The importance of overcoming

I needed to get some words out of me and this seems like a good place for it.











So, I am struggling right now. You would think that getting a temporary job would have made me feel better, but I have never felt much relief at that. Yes, having money is nice and lord knows how I missed going to the movies. But at the end of this rainbow is the fact that in 3-5 weeks I could be unemployed again. That scares the hell out of me.

I don’t think people realize how hard that can be. It is easy to just say, “get a job”, and there is some truth to that. But the first trap is unemployment. It can lull you into a false sense of security as you tell yourself that you are getting money and you will wait for the right job.

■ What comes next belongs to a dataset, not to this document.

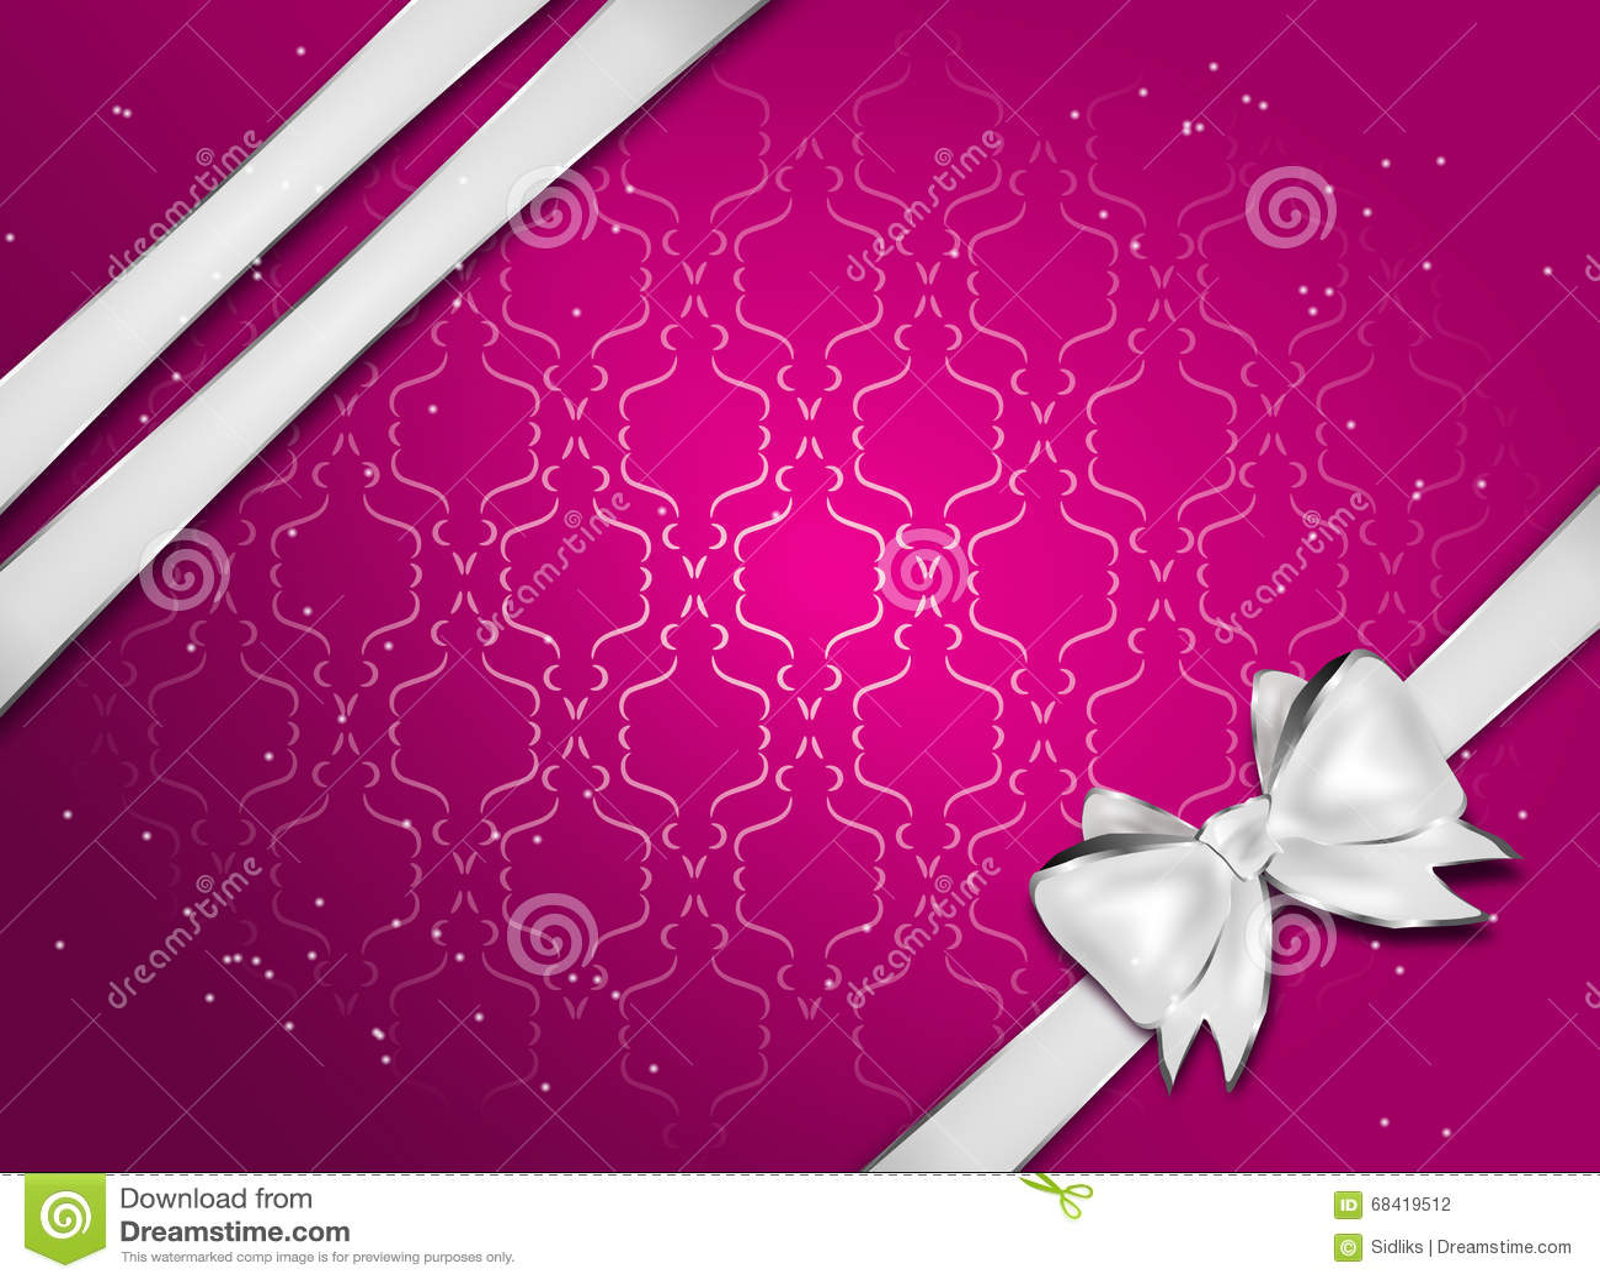 pink greeting card stock illustration  illustration of

But without a car here, finding a job has been a lot harder than it really needed to be.

Eventually, it can start making your doubt yourself. Hell, I do that enough as it is, as I struggle with the man that I am as opposed to the man I could be. This has been this way for over four years now. I don’t have a lot of confidence in who I am, whether it is about how I am with people, or even in my non-existent dating life. Doubt is easy, and we all struggle with it.

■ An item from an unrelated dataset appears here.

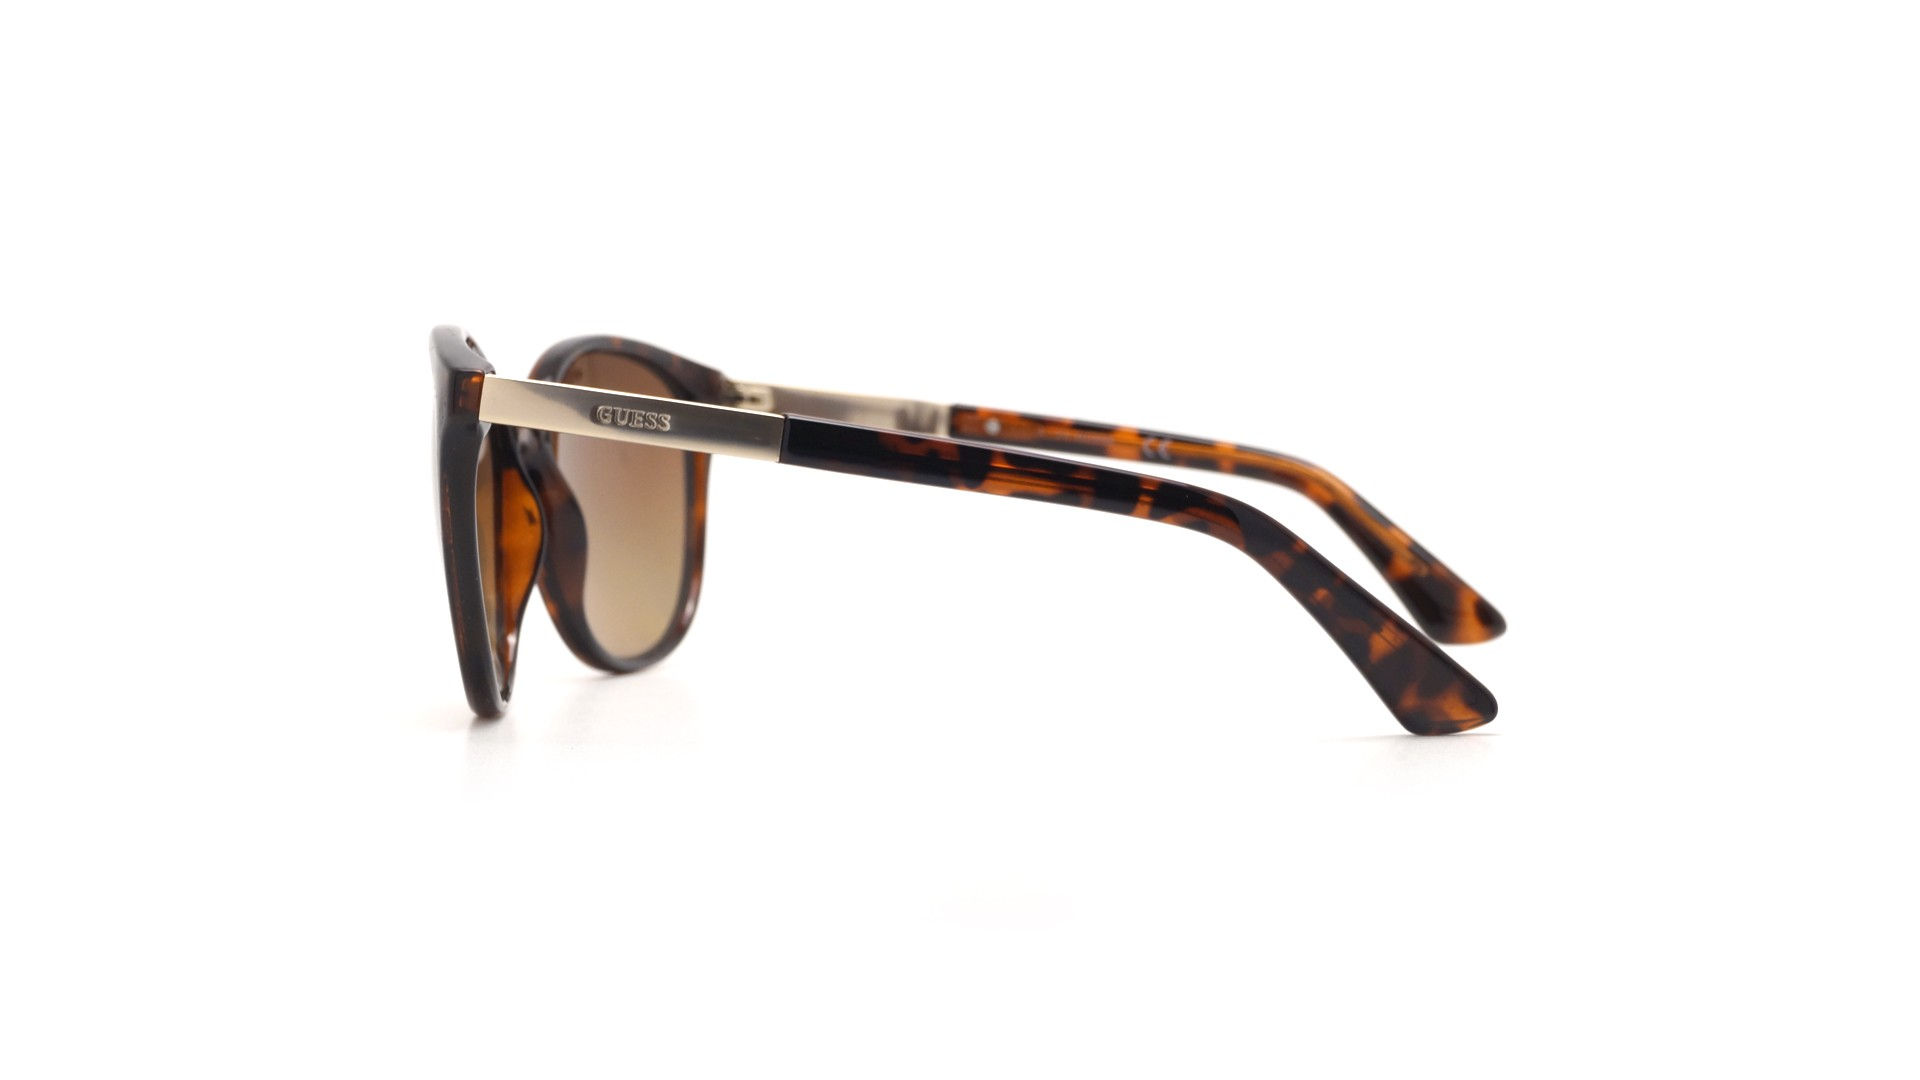 fecd11197d Sunglasses Guess GU7390 52H 58-16 Tortoise Large Polarized

I am trying to remember the last time I really felt good about myself. Don’t get me wrong, it isn’t always depression or anything. But to actually feel good? It has been a while. It is evident in how I am not passionate about the things I have loved for so long anymore. Or, at least I struggle to maintain it. I have game once in the last year. ONCE. This is something I have loved since I was 20. But I have not had the energy to do it in so long. Even now, I still don’t have the energy for it. Hell, I only started reading again a few months ago. That has always been the one constant in my life, and it felt weird to not care about that.

This is showing signs of changing, but slowly.

I lay in bed last night trying to go to sleep, and i realized I was crying. Hell, I didn’t even know why. Yes, I have had my struggles with depression the last few years, and lord knows due to my crappy bed type apparatus, I rarely have a good nights sleep. That last part goes a LONG way to make all of this worse. Because of this, it has made me a little crazy for a while. I don’t mean psycho kind of crazy, just a very sensitive, and over-reactive kind of crazy. This has caused problems with more than a few people I care about. I am so damn tired of apologizing yet again for reacting the way I do. Yet, when you fuck up, you have to do that.

But with all of this comes hope. I can feel the voice in the back of my mind that wants this to be different.. I refuse to think this is the way my life will always be. I know right now things could be better, but I truly believe I will get my damn life in order at some point. I have to believe that. Life is about balance and it will tip my way again.

You also have to remember that life sure could be a hell of a lot worse too.

Still, I want a great life, god damn it.

I want the things I used to have. Things I lost, or just threw away. Great friends, someone to love, a place to call home. I have no idea where that will take me, and it could even take me out of Pittsburgh, but I know I want that again. Right now, I just have to find the energy to claim that kind of life again.

It isn’t happening today. Or maybe even tomorrow. But it will happen. I truly believe that if you don't think things will get better, they never will. That is sometimes that hardest step.